SUPERIOR COURT OF JUSTICE - ONTARIO
Court File No.: 10-50001
Date: October 17, 2013
RE: RICHARD PINEAU
AND:
MEROVITZ POTECHIN LLP
Before: Master MacLeod
Counsel:
William Fuhgeh, for the Plaintiff
Craig O’Brien, for the Defendant
Heard: October 17, 2013
ENDORSEMENT
This matter was scheduled as a full day motion. The plaintiff moved to compel the defendant to attend mediation and for costs as well as to amend the pleadings and for certain orders flowing from the discoveries. The defendants moved to production of certain documents over which privilege was claimed.
The parties have agreed that the motion has to be adjourned but there is disagreement concerning the terms.
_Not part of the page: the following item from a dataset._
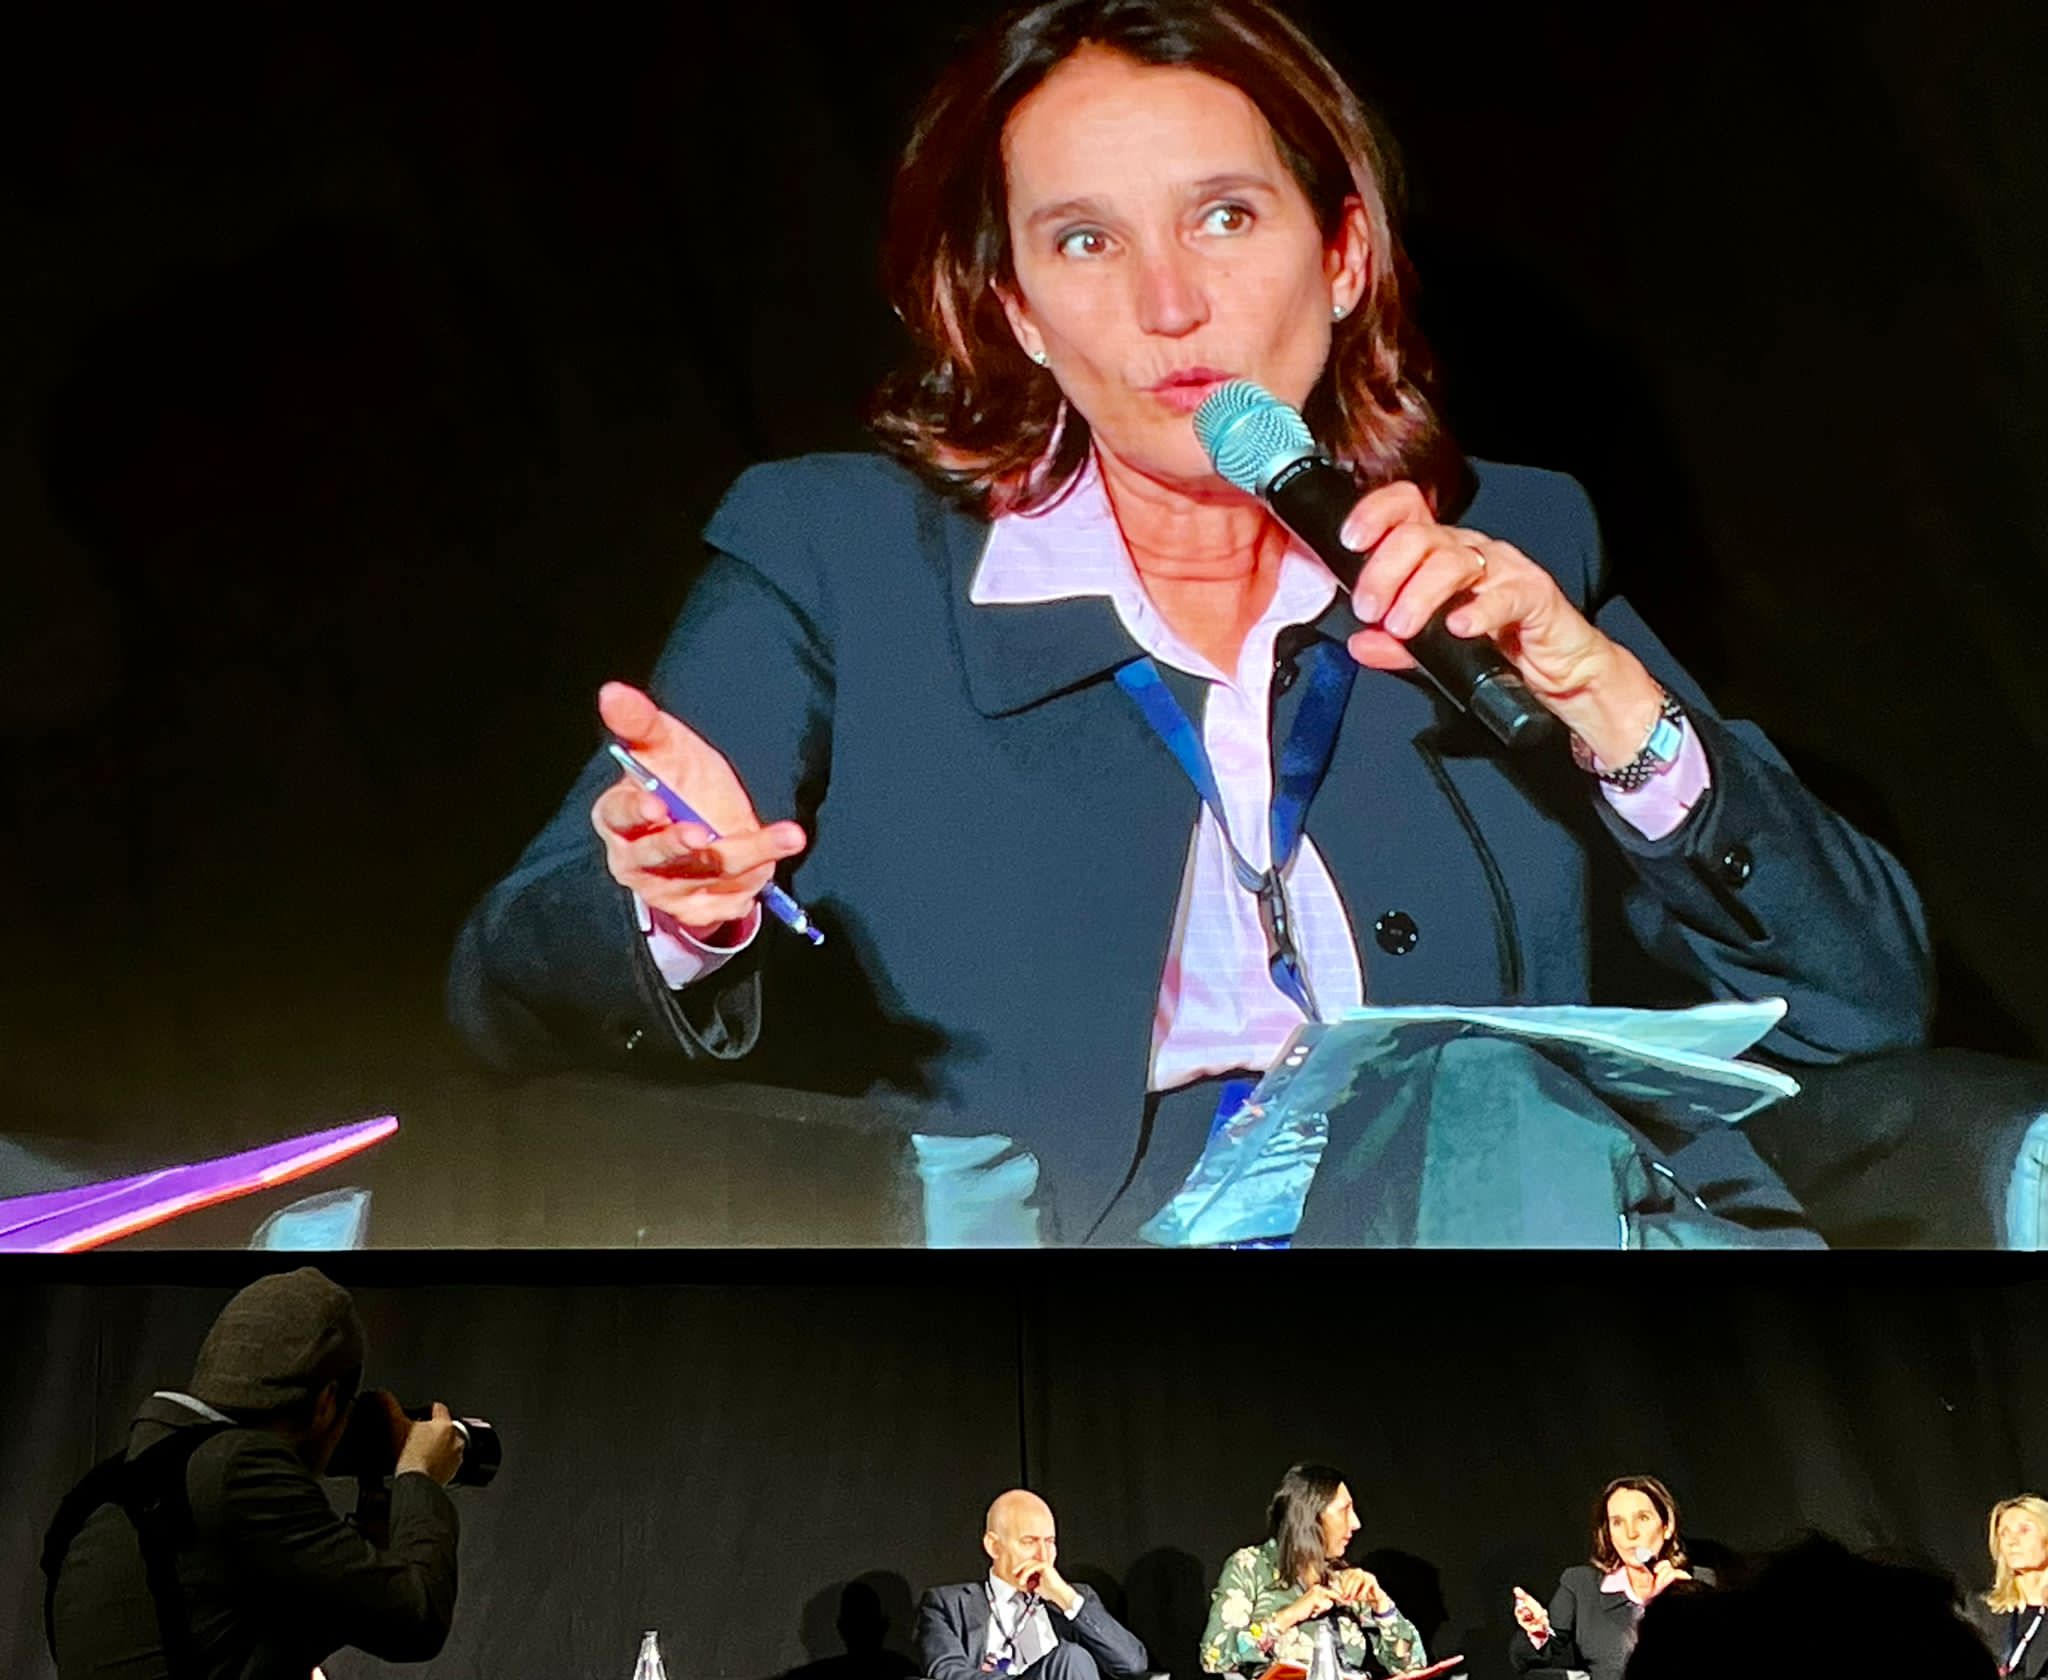 La presidente di AGI, Tatiana Biagioni, alla tavola rotonda: "È Previdenza: regolamenti e sostenibilità", nel corso del congresso straordinario di Aiga

The plaintiff’s proposed terms are set out in the letter of October 11, 2013 which is at tab 10 of the Affidavit of Mr. Pineau. The terms sought by the defendant are set out in the confirmation form.
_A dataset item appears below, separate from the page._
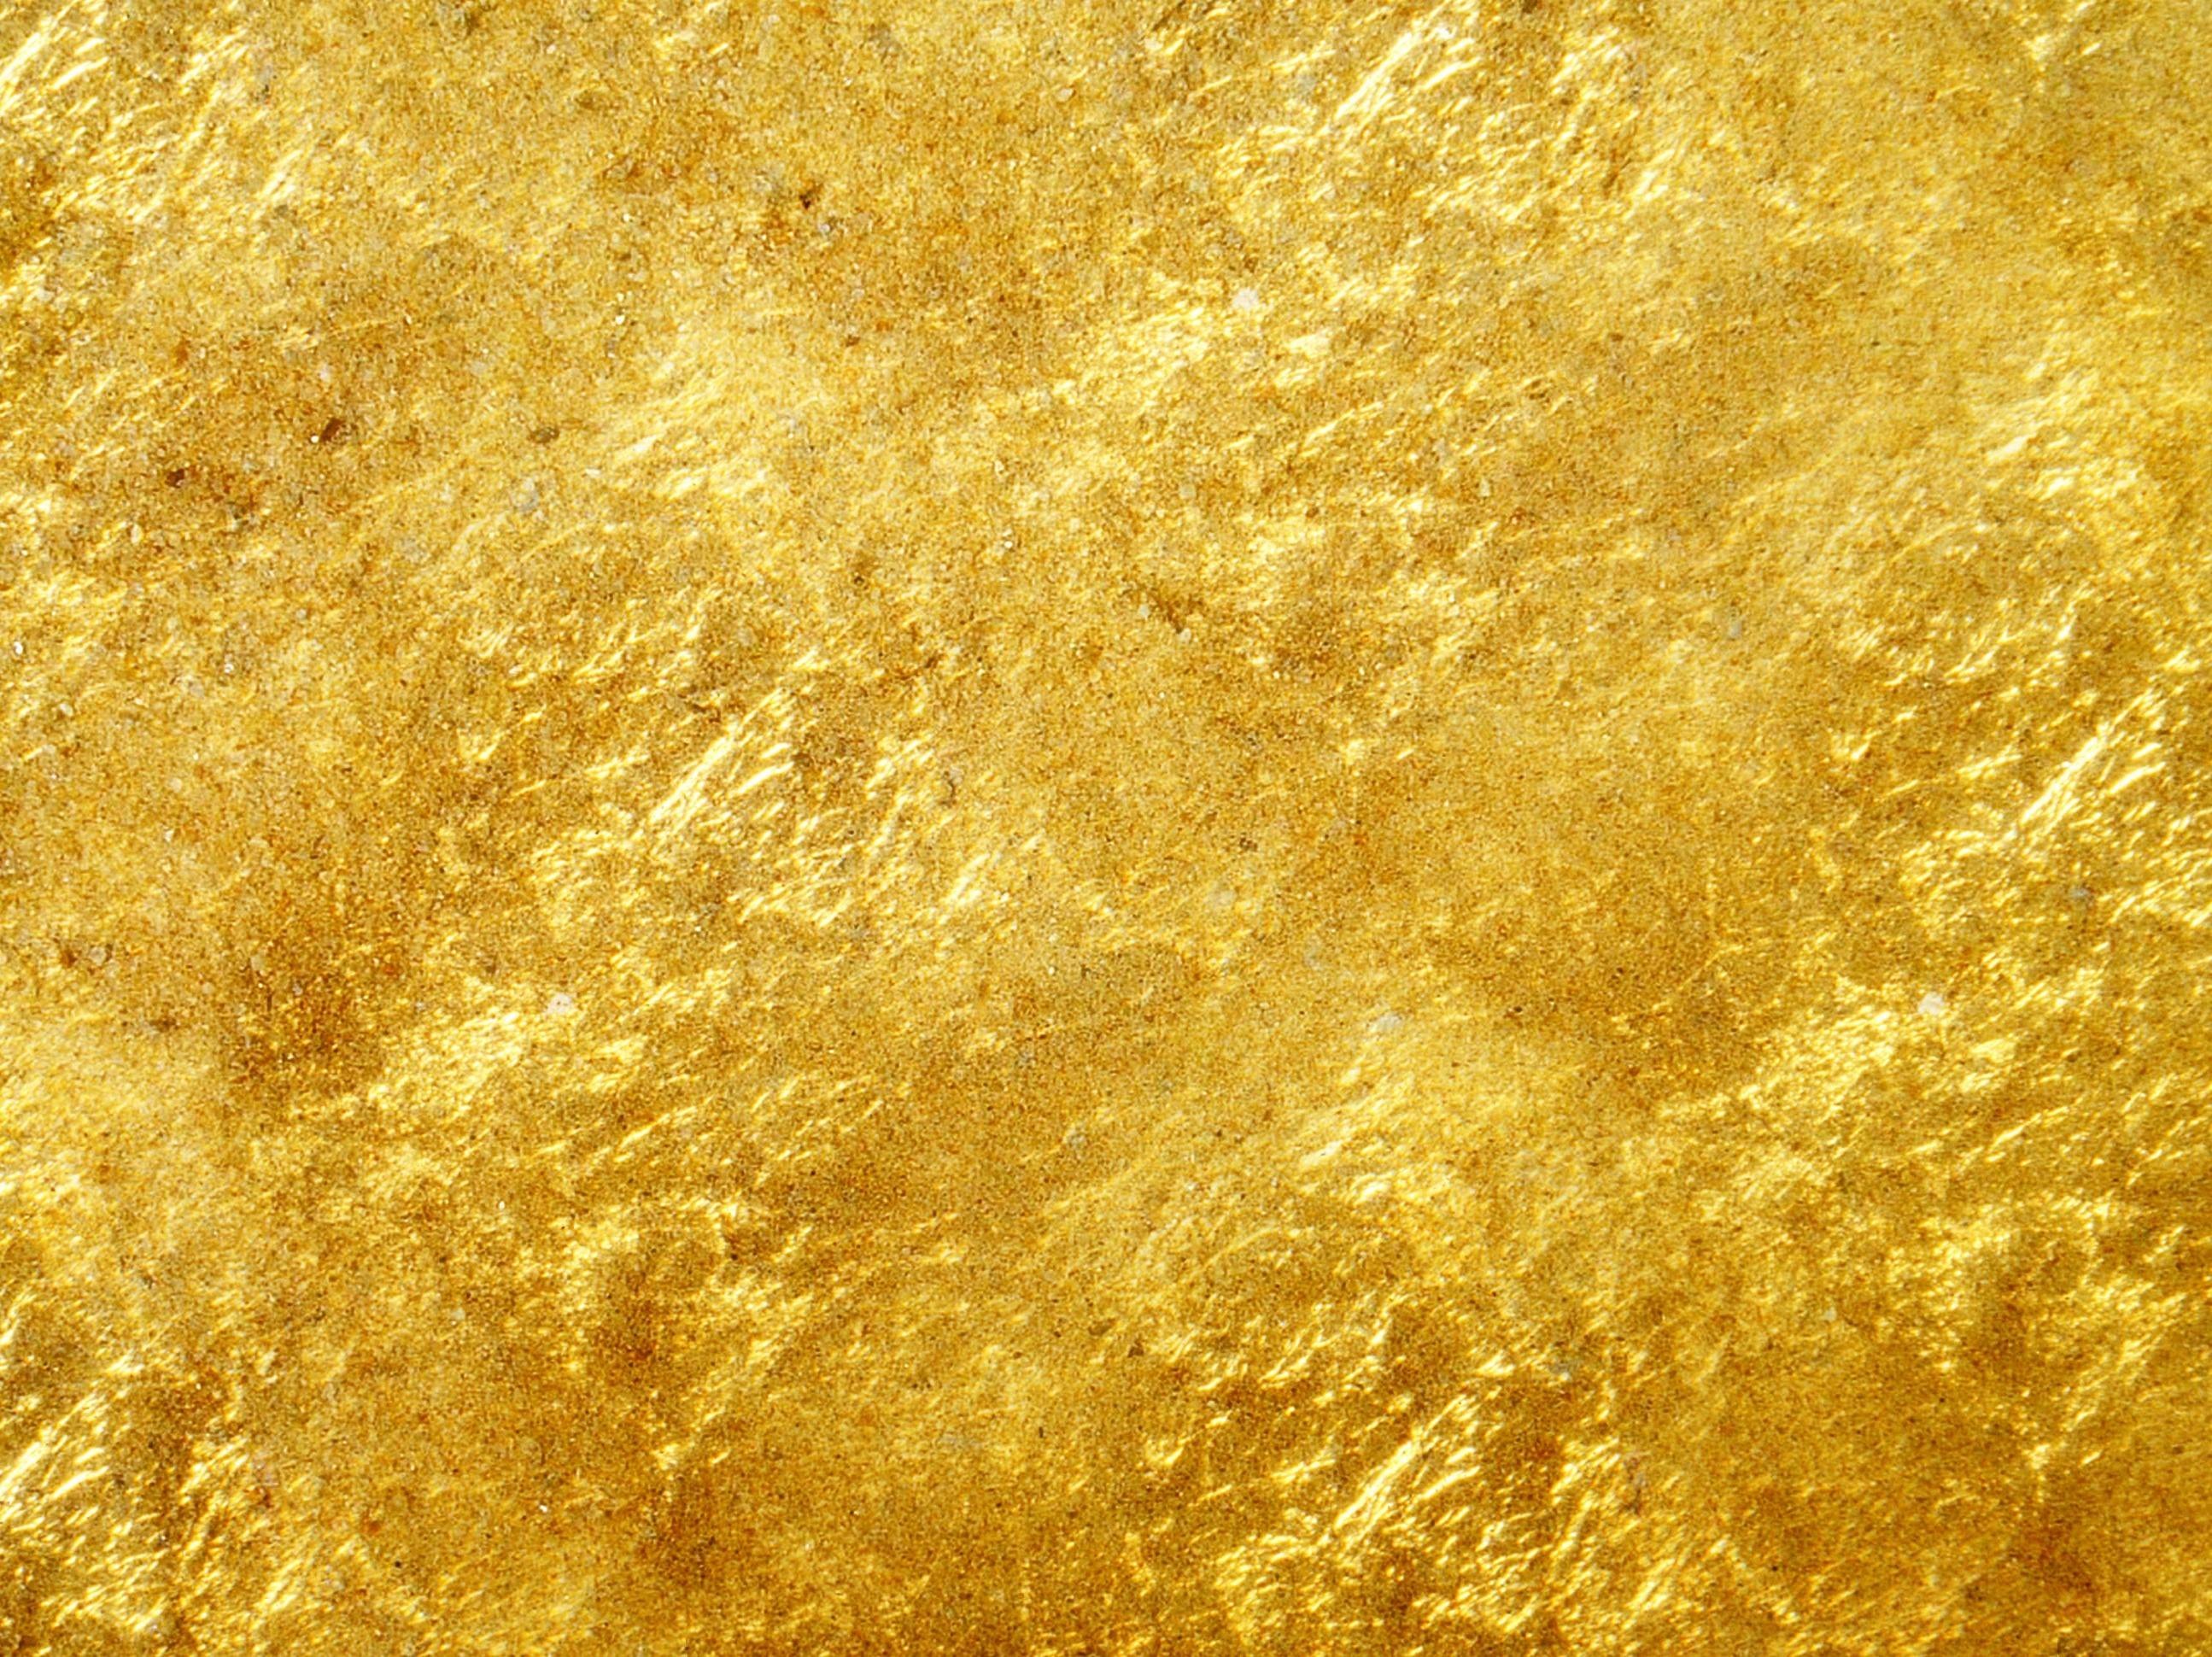 Nền vàng: Thông qua hình ảnh nền vàng, bạn sẽ cảm nhận được sự sang trọng và giàu có màu vàng mang lại. Hãy khám phá những ý tưởng thiết kế độc đáo với sắc vàng tươi sáng và chất liệu kim loại quý cho không gian sống của mình.

Both parties agree the motion should be adjourned to a fixed date and both parties agree there is a need for a fixed timetable. The disagreement appears to be concerning the time for the intervening steps and what steps should be permitted or required.
By way of context this date was fixed on July 3, 2013 at a case conference and it was at that time adjourned to this date from August 9th, 2013. The order of July 3, 2013 set out a timetable which apparently has not proved practical.
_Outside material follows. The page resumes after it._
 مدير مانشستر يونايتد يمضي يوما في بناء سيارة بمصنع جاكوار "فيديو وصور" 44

The only apparent disagreement has been the date for delivery of an expert report and the date for delivery of responding material and perhaps the specific manner of fixing the new date.
I gather some of the problem may be failure to differentiate between a responding affidavit- which must be served before cross examination – and other responding materials such as the transcripts and the factum.
The way in which a timetable is usually resolved is to fix the date and then work backwards. This may not be appropriate if there is a variable event over which the parties have no control but that does not appear to be the case here as the only variable will be the ability of the expert to produce the report.
I am advised by Mr. Fuhgeh that he does need the expert report to complete the responding affidavit. This means that the November 7th date for cross examination of Mr. De Toni will not work.
The timetable will therefore be amended as follows:
a) The motions are adjourned to February 6th, 2014 at 10:00am.
b) The plaintiff’s expert report shall be served by November 18, 2013 at the latest.
c) The plaintiff’s responding affidavit for the privilege motion shall be served by November 29th, 2013.
d) Cross examination of Mr. De Toni shall proceed on December 16th, 2013 and if the defendants elect to cross examine on the plaintiff’s affidavit that will take place on December 17th, 2013.
e) Each moving party shall serve a factum by January 24th, 2014 and each responding party by January 31, 2104.
f) All material is to be filed with the court and the motions confirmed by February 3rd, 2014.
I am not going to deal at length with the various allegations of discourtesy or other improper conduct because they are not necessary for the purpose of this order and are not properly before me. They are not relevant to what I have to decide. They are however causing both distraction and costs.
Counsel are to review the Advocates Society Guidelines on Professionalism and Civility that have been endorsed by the Law Society as well as this court.
The way in which Mr. Fuhgeh has put this in issue is highly improper. Paragraphs 43-46 of the Pineau affidavit have no place in this motion as they reflect the opinion of counsel and not facts to which his client could depose. Paragraphs 17 and 18 are similar. Accordingly those paragraphs are struck from the Pineau affidavit and I will not admit the Dubeau responding affidavit. Due to the incendiary nature of those allegations I will direct that the paragraphs in the court copy of the affidavit be physically struck out with black marker.
I am not finding that the conduct of Mr. Dubeau was impeccable. I am making no finding one way or the other. At the end of the day this was a consent adjournment with a minor dispute over terms. The adjournment was necessary in the first instance because the plaintiff could not produce his expert report and secondly by the request to cross examine Mr. De Toni. The dispute over terms arose partly because it seemed Mr. Fuhgeh was proposing to deliver affidavit material after he cross examined Mr. De Toni.
Costs of today are reserved to the hearing of the motions. I note however that there were costs claimed because Mr. O’Brien had to appear today due to the allegations leveled against Mr. Dubeau. Those costs are claimed at $1,880 on a partial indemnity scale and $2351 on a substantial indemnity scale. I have heard Mr. O’Brien’s submissions on this point and this need not be reargued but I will defer decision on those discrete costs until I have dealt with all of the costs of these motions.